PYSANUM

PYSANUM

Pisan Young Seminars in Applied and NUmerical Mathematics

Informal seminar series on numerical analysis and applied mathematics aimed at students.
The aim of the meetings is to present numerical analysis research topics in an accessible manner and to involve interested students. The seminars will have an introductory first part and will also be accessible to those unfamiliar with the subject.
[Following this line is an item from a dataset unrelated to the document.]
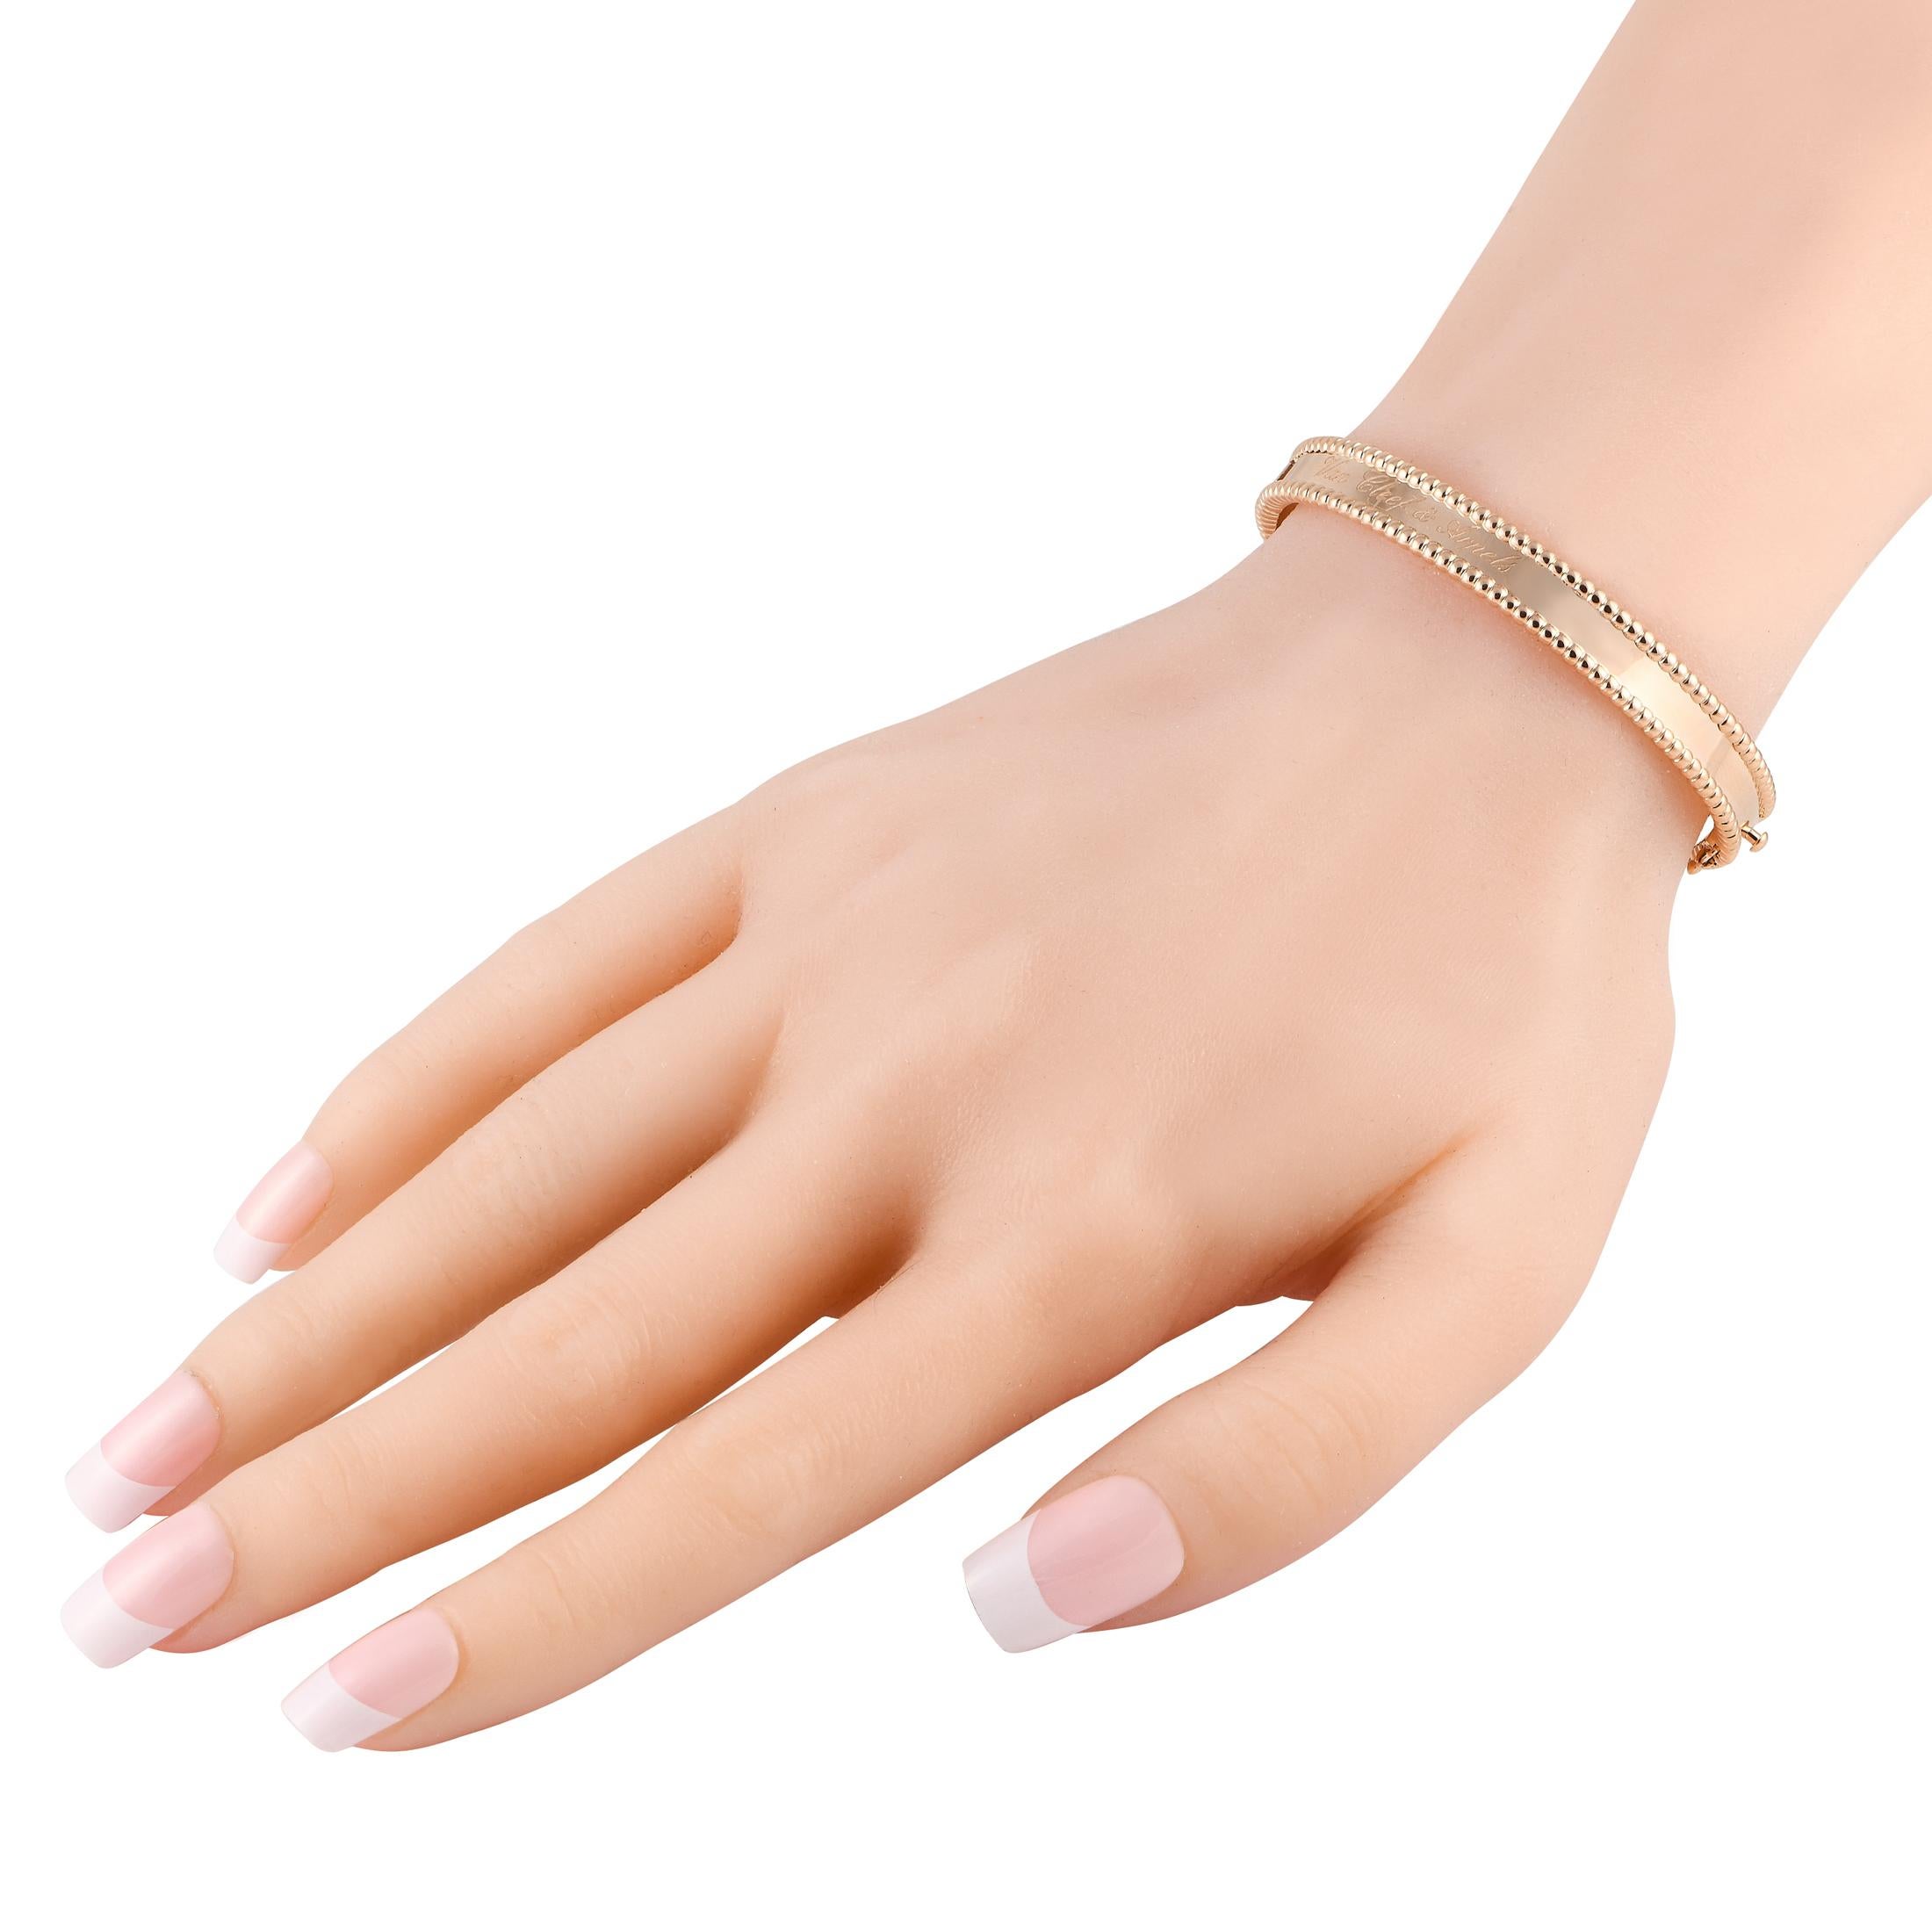 Sobre, sophistiqué et incroyablement élégant, ce bracelet en or rose 18 carats Van Cleef & Arpels Perlee apportera la touche finale à n'importe quel ensemble. Il mesure 6,75 cm de long et est orné de perles métalliques emblématiques de la

They will be held mainly in Italian, in line with the informal tone of the series.
Master’s students and Bachelor’s students who are familiar with the contents of the Scientific Computing course are encouraged to attend.
Organised by PhD students from the University of Pisa and the Scuola Normale Superiore.

Upcoming Seminars

 11.00 – 25 February 2025
 Francesca Santucci (IMT Alti Studi Lucca)
Aula Riunioni, Dipartimento di Matematica
 Spatial Patterns of Laplacian Eigenmodes in Complex Networks
Complex systems consist of many interacting components, typically exhibiting features such as self-organization, critical transitions, or emergent phenomena.
Network science is particularly useful for studying these kinds of systems, modeling them as graphs, mathematical objects made of nodes (representing the system’s components) and links (representing their interactions).
Beyond graph theory, a more physics-inspired perspective offers additional tools (borrowed, in particular, from statistical physics) for analyzing networks.
Following this approach, we will explore the tight connection between dynamical processes on networks and the topology underneath them.
We will focus in particular on processes governed by the Graph Laplacian, denoted as $\hat{L}$, evolving over time as $\boldsymbol x(\tau)=e^{-\tau \hat{L}}\boldsymbol x(0)$. This equation is valid for diffusion, but also provides a first order description of more general dynamics near the steady state.
We will see the diffusion-based theoretical framework known as the Laplacian Renormalization Group, accounting for the communicability properties of a network and able to unveil its multiscale hierarchical nested structures.
Key tools in this framework, suggesting intriguing physical analogies, include the Graph Density Matrix, which quantifies diffusion streamlines between pairs of nodes, and the Graph Entropy, which measures the heterogeneity of the system’s state after a given diffusion time, and can be considered as an order parameter for second order transitions between diffusion aggregation phases.
We will show that such transitions identify classes of links based on diffusion timescales, corresponding to specific diffusivity modes in the Fourier space and revealing the graph’s topological organization. Finally, we will explain the deep connection between nested modules, Laplacian eigenmodes, and diffusion time scales in hierarchical modular graphs.